• INSTRUCTIONS FOR THE TASK
Start at the line below containing "Captivating Clemson Community Storage" and stop at the line containing "Details zu Skechers". Repeat every line of that stretch exactly, and nothing outside it.

• EXERCISE INPUT
---*---

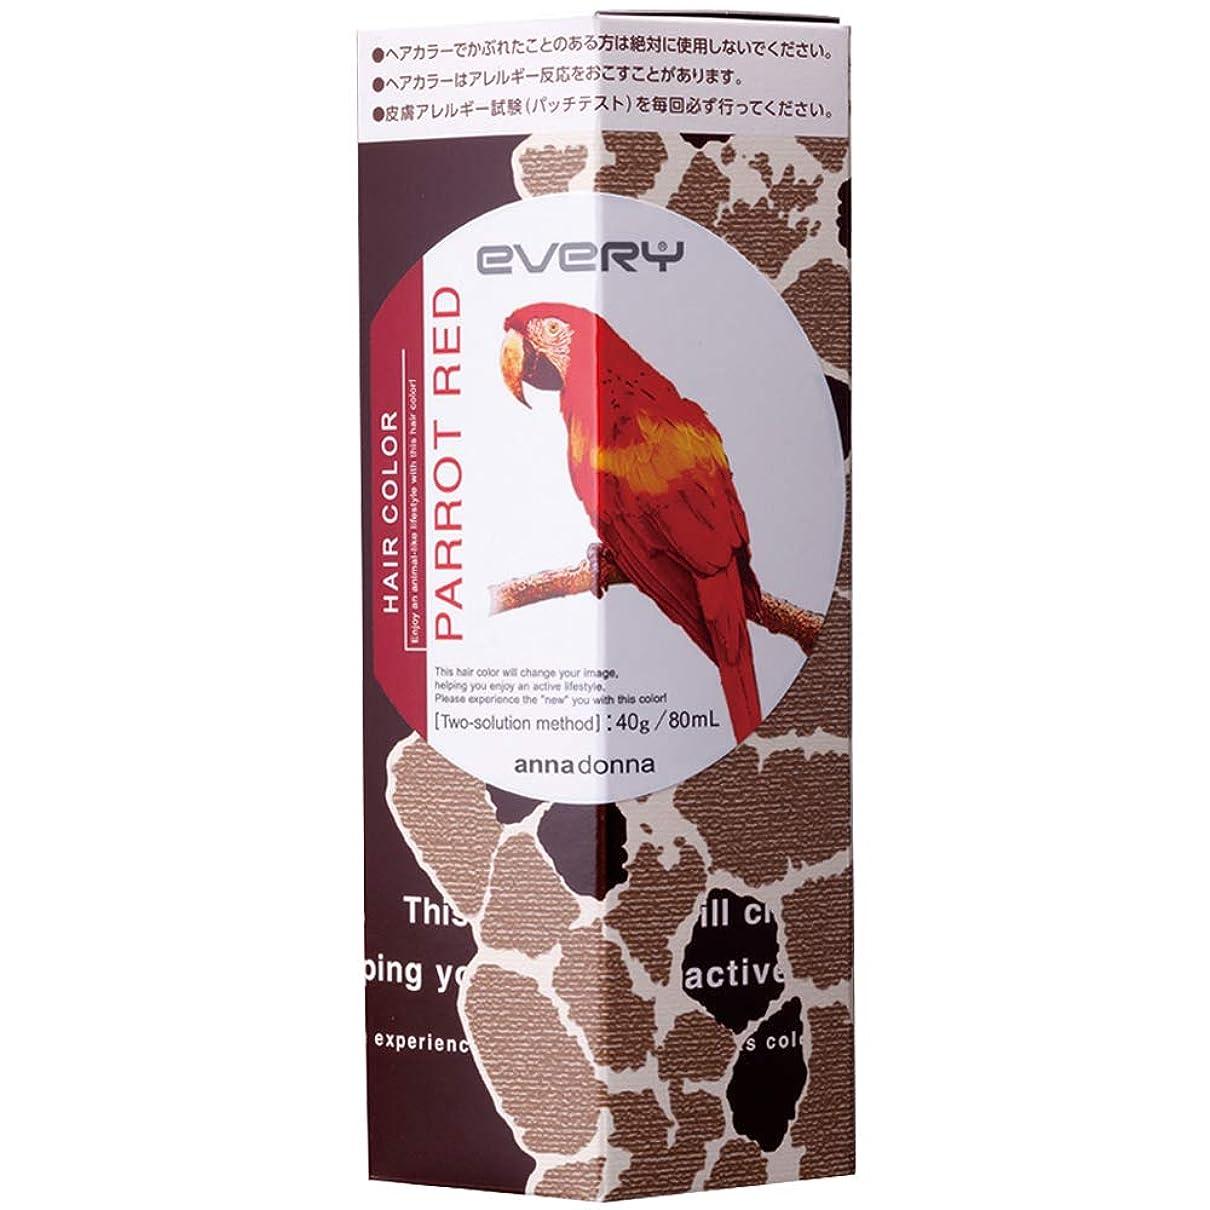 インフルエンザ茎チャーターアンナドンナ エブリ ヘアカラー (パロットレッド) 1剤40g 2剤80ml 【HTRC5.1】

---*---

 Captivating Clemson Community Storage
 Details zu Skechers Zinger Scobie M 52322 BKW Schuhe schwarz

---*---

• OUTPUT
 Captivating Clemson Community Storage
 Details zu Skechers Zinger Scobie M 52322 BKW Schuhe schwarz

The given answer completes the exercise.